Conserver une collection de ressources génétiques de tomates, qu’est ce que cela veut dire exactement ? Quelles sont les missions et les activités d’un tel conservatoire ?

MCD : Conserver les ressources génétiques, c’est tout un travail qui consiste – au delà du montage de la collection et de son enrichissement progressif en fonction de l’utilisation de cette collection – à régénérer des semences pour les rendre disponibles, de façon à ce qu’elles soient utilisées en recherche ou en amélioration, et à les maintenir dans leur intégrité génétique de départ. C’est donc un travail horticole du semis à la récolte des semences, en passant par le contrôle de la pollinisation et qui permet d’avoir des semences disponibles et fiables. Au delà de cet aspect des semences et de gestion des stocks, il y a toute l’information associée à ces ressources génétiques qui est structurée en groupes : il y a les données passeport avec comme leur nom l’indique le nom de l’accession, son origine, qui l’a introduite, etc… ; il y a des données descriptives, assez détaillées selon des grilles bien établies de descripteurs ; et puis il y a toute la partie évaluation pour des caractères d’intérêt agronomique particulier, qui font la jonction avec la partie recherche puisque c’est vraiment un travail d’investigation.
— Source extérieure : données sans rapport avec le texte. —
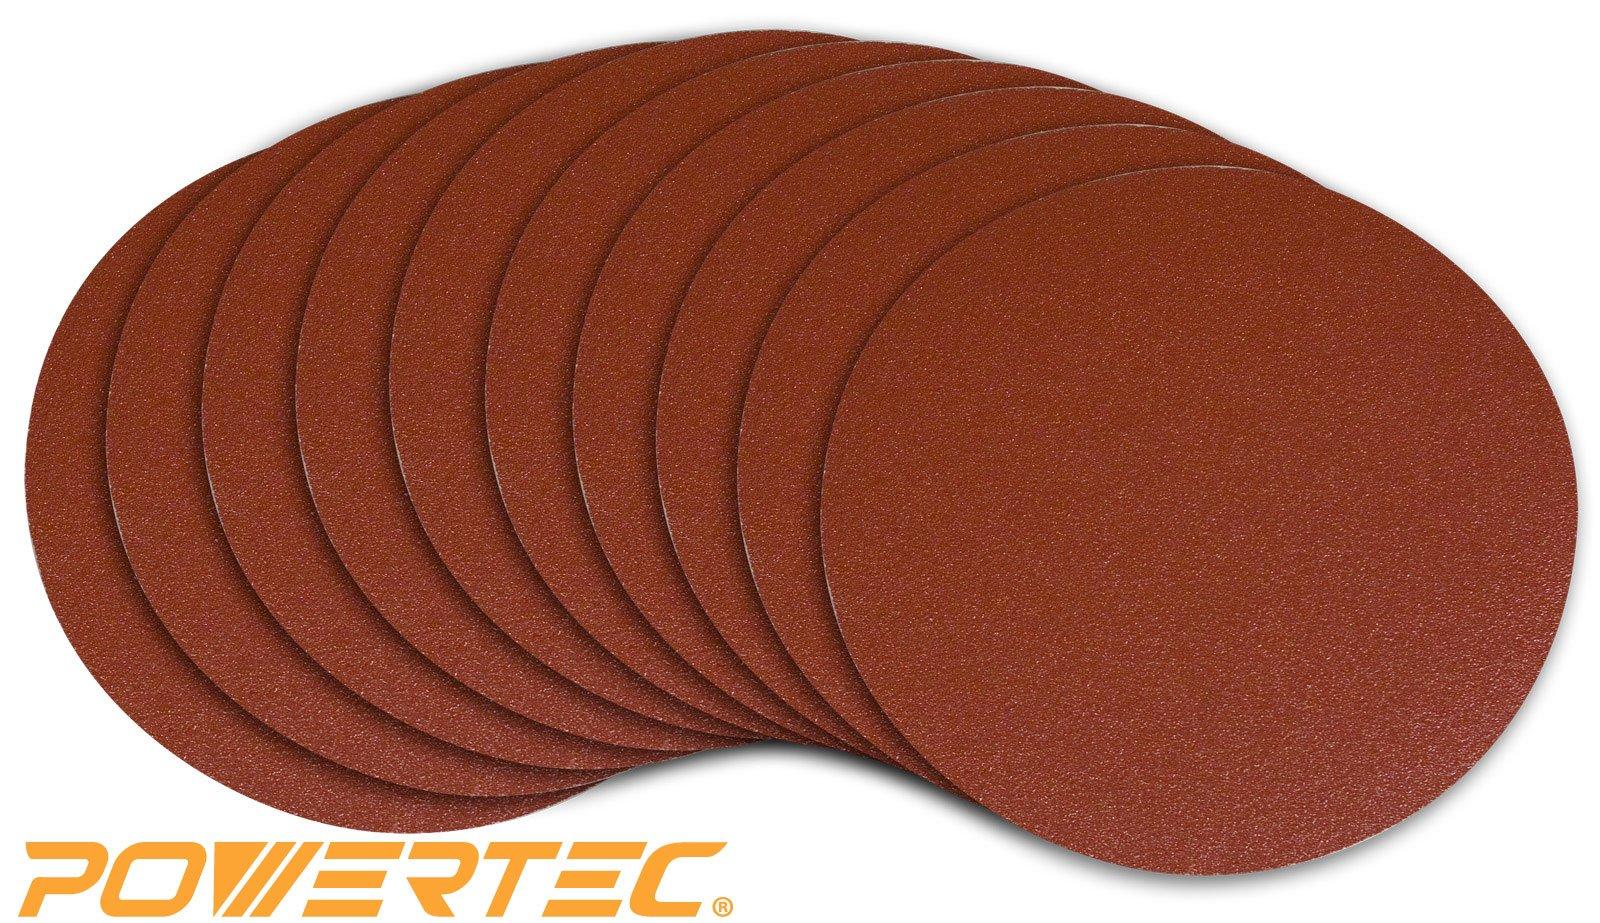 POWERTEC 110600 12-Inch PSA 80 Grit Aluminum Oxide Adhesive Sanding Disc, 10-Pack

Une collection n’est pas une pièce de musée. A l’INRA c’est utilisé pour les programmes de recherche, mais l’INRA travaille avec différents partenaires qui sont des semenciers, ou des académiques en France, en Europe ou dans le monde. Ces ressources génétiques sont très sollicitées pour des programmes de recherche un peu partout donc il y a une grande activité de distribution de matériel. Et puis on est également sollicité par des producteurs, des associations de producteurs, voire des amateurs qui s’intéressent à nos ressources génétiques.

Comment voyez-vous ces activités évoluer pour le futur ?

JS : Dans le futur, je pense qu’on va avoir deux chantiers prioritaires. Le premier va être de rationaliser la gestion de nos collections. En effet toutes les multiplications de matériel nous coûtent très cher en terme de main d’œuvre. Il va donc falloir travailler davantage en réseau. Au niveau européen, il va falloir vérifier si on n’a pas des doublons pour les supprimer et s’occuper de manière plus importante de nos propres accessions. Cela va être en réseau aussi avec les partenaires semenciers ou avec des partenaires de la société civile qu’il va falloir multiplier nos accessions. Egalement, on va congeler nos semences pour réduire la fréquence des multiplications. On peut de cette façon passer de une multiplication tous les 15 ans pour une accession donnée à une multiplication tous les 30 ou 50 ans. Le deuxième chantier pour nous va être de valoriser vraiment la richesse qui est contenue dans nos collections. Cela veut dire diffuser plus largement toute la connaissance qu’on a déjà, toutes les descriptions de nos variétés ; les décrire de manière plus large, par exemple en décrivant le système racinaire de la collection tomate, ou en la testant dans différents types de culture plus ouverts sur les agricultures nouvelles, par exemple en association avec d’autres cultures ou sans intrants.